On the 18th of April 2021, the world of dance witnessed the virtual launch of the Deśi-Mārga-Aḍavu - a research-based innovation by Nirupama Rajendra, one of the foremost exponents of Bharatanrityam and Kathak. The practitioners of Bharatanatyam undergo training in various aḍavus, which constitute the deśī aspect of the research. The karaṇas, cārīs and nṛttahastas of the Nāṭyaśāstra as reconstructed by Dr. Padma Subrahmanyam constitute the mārga, i.e., the universal set of movements realised by the Sage Bharata. The Deśi-Mārga-Aḍavus (referred to as DMA henceforth) are designed to work as pedagogical bridges between the deśī of the Bharatanatyam and the mārga of the Nāṭyaśāstra. In other words, it helps link the local to the global, the particular to the universal. It also adds beauty to expression and is like adding newer phrases to the vocabulary of a language, enriching and easing its potential for communication. It is like giving hitherto unknown raw materials for the preparation of a tasty dish. The DMA, thus, adds beauty and variety to both nṛtta and abhinaya.

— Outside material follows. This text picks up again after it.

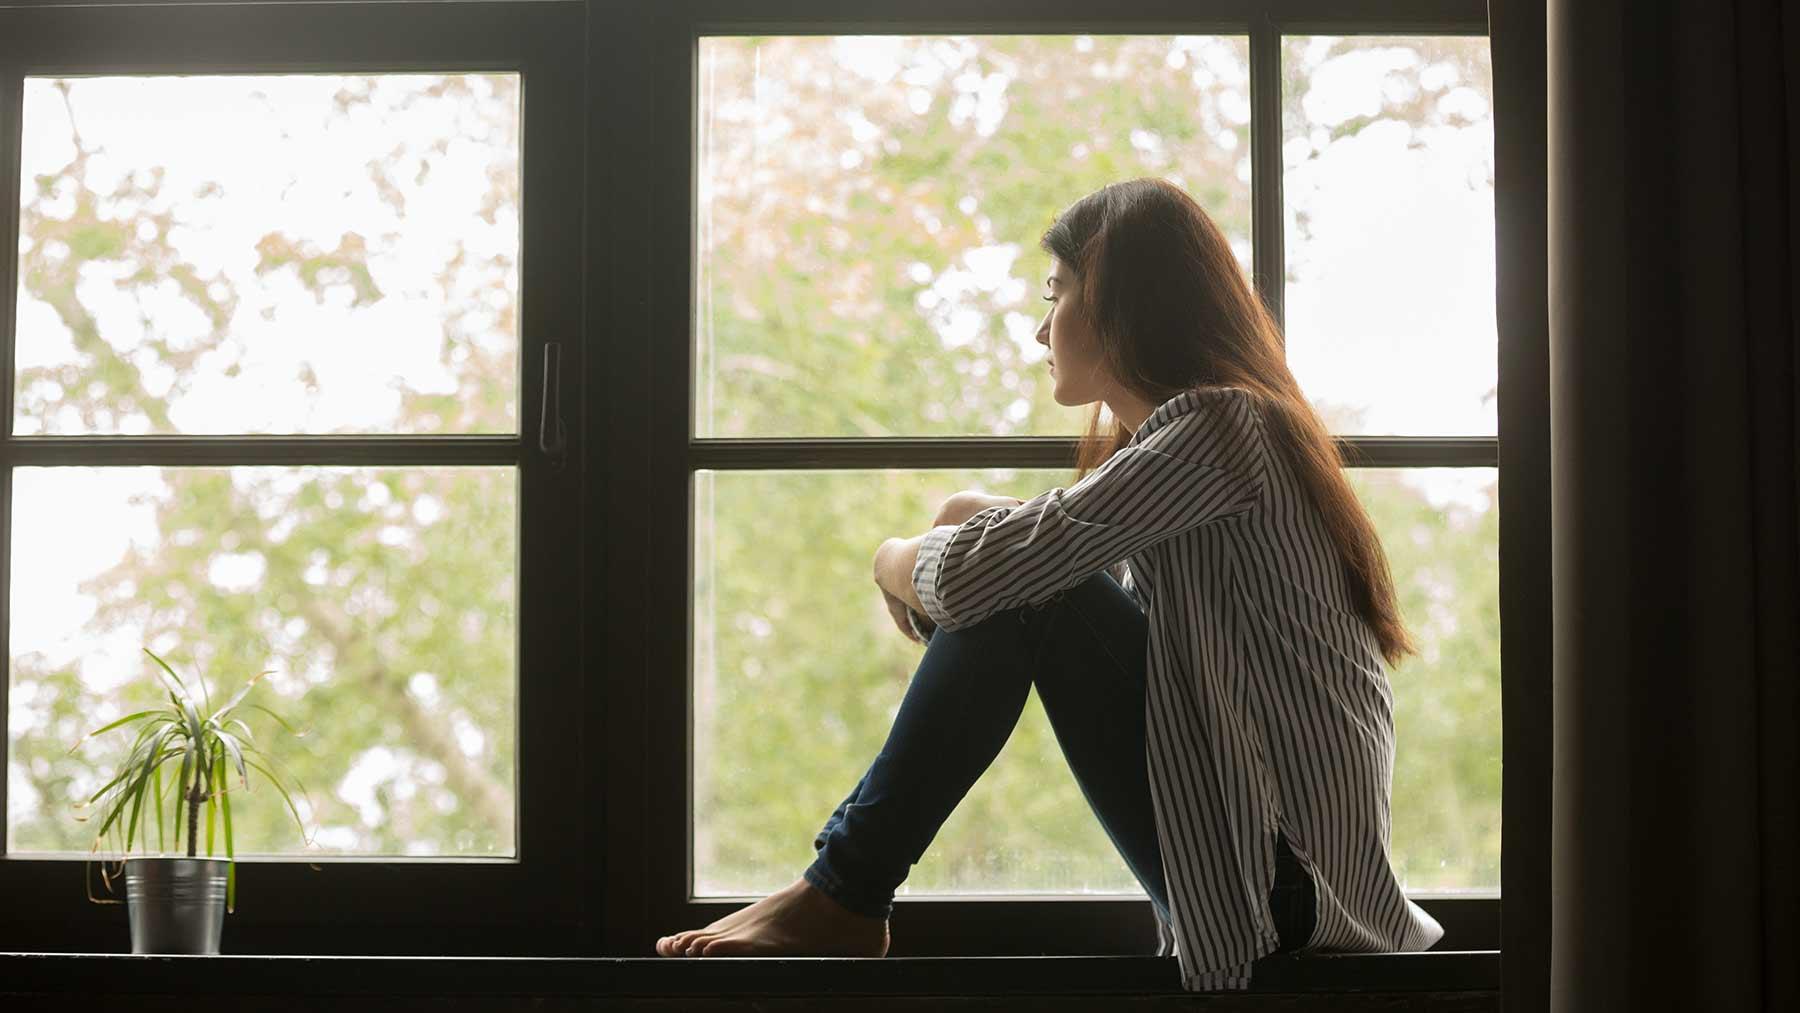 تأثير الحجر على الصحة النفسية

Nirupama Rajendra, with her intense training in mārga under Late Guru Sundari Santhanam and years of experience in applying the mārga-karaṇas in both solo and group productions, conceived these new set of hundred and eight movements in April 2020 and she continued with documenting these movements in book and video format, the process of which completed its full arc in February 2021. Inspired by Shatavadhani Dr. R Ganesh, who has been her mentor and guide since the early stages of her artistic career, Nirupama took up the task of linking the deśī with the mārga. The DMA is designed such that the lower body performs the movements of the traditional aḍavus and the upper body integrates nṛtta-hastas to give rise to the Deśī-Mārga-Aḍavus. In the words of Dr. Ganesh, the DMA is akin to Kṛṣṇa tattva  coming down to Gokula and blending with its surroundings. He observes that it is one of the paths that accelerate the merging of the deśī-river with the mārga-ocean. Dr. Padma Subrahmanyam, who released the documentation of DMA, also recommended this as one of the much needed steps in understanding, learning and experiencing the art of Bharata better.

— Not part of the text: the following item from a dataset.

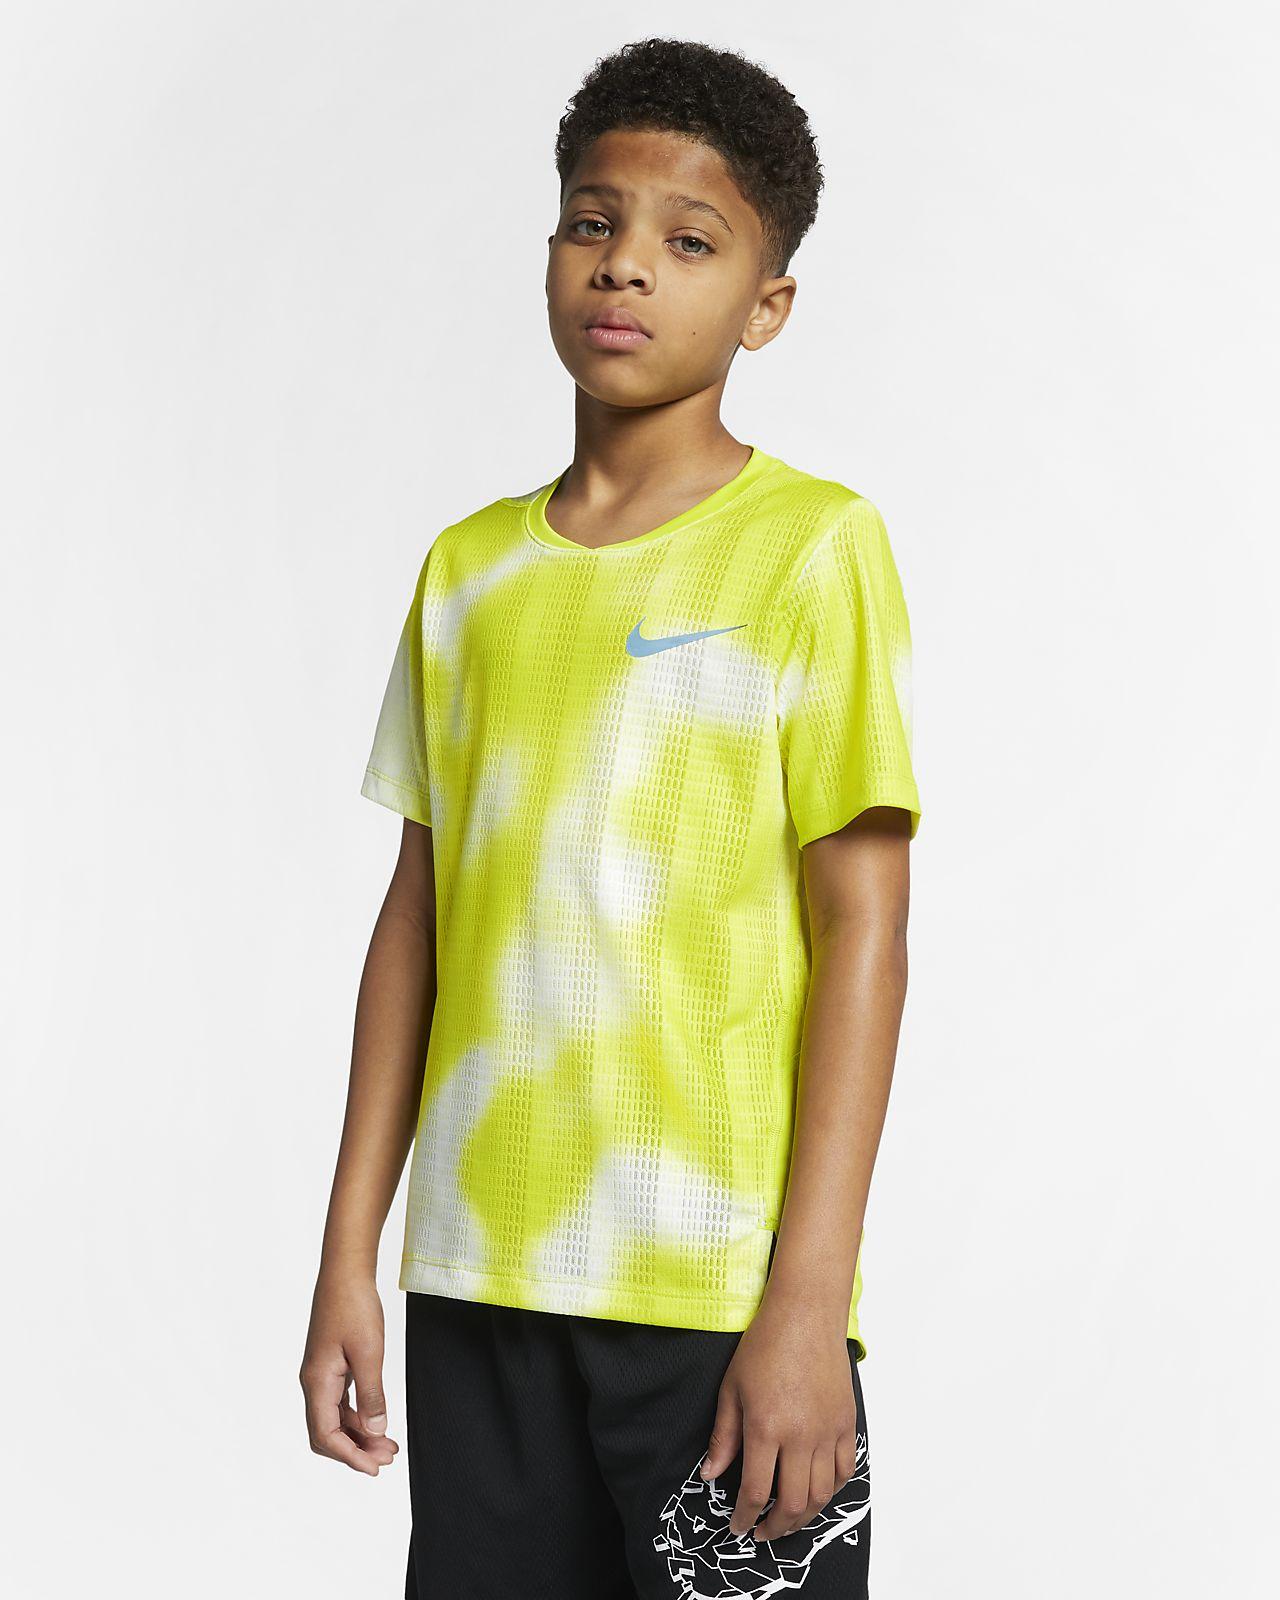 Nike Instacool大童(男孩)短袖训练上衣

The launch event involved showcasing of excerpts from the DMA documentation which was shot at the freshly reconstructed Venugopalaswamy Temple in Mysore. This was followed by demonstration of the traditional aḍavus in parallel with the DMA. For instance, the traditional Nāṭṭaḍavu has inspired the creation of six DMAs and the Muktāya-aḍavu has inspired ten varieties of DMA. The DMAs were named by Dr. R Ganesh in accordance with their flavour and application. The very first variety based on Nāṭṭaḍavu blended with the Latā-hasta is called Ḍolikā and the name in line with the sway that naturally comes as a part of the movement. Another movement based on the Jāraḍavu blended with Ulbaṇa is called Cāmarikā and the name is in accordance with its application - fanning a Cāmara. Through the demonstration, the audience got a taste of the thought process and the aesthetics behind the creation of several of the DMA. While Nirupama explained the process, her senior disciples demonstrated the movements. The transition of linear and geometric movements into curvilinear ones was evident to all the artistes and connoisseurs in the audience. The lower body gives strength and the upper body adds grace to the movement.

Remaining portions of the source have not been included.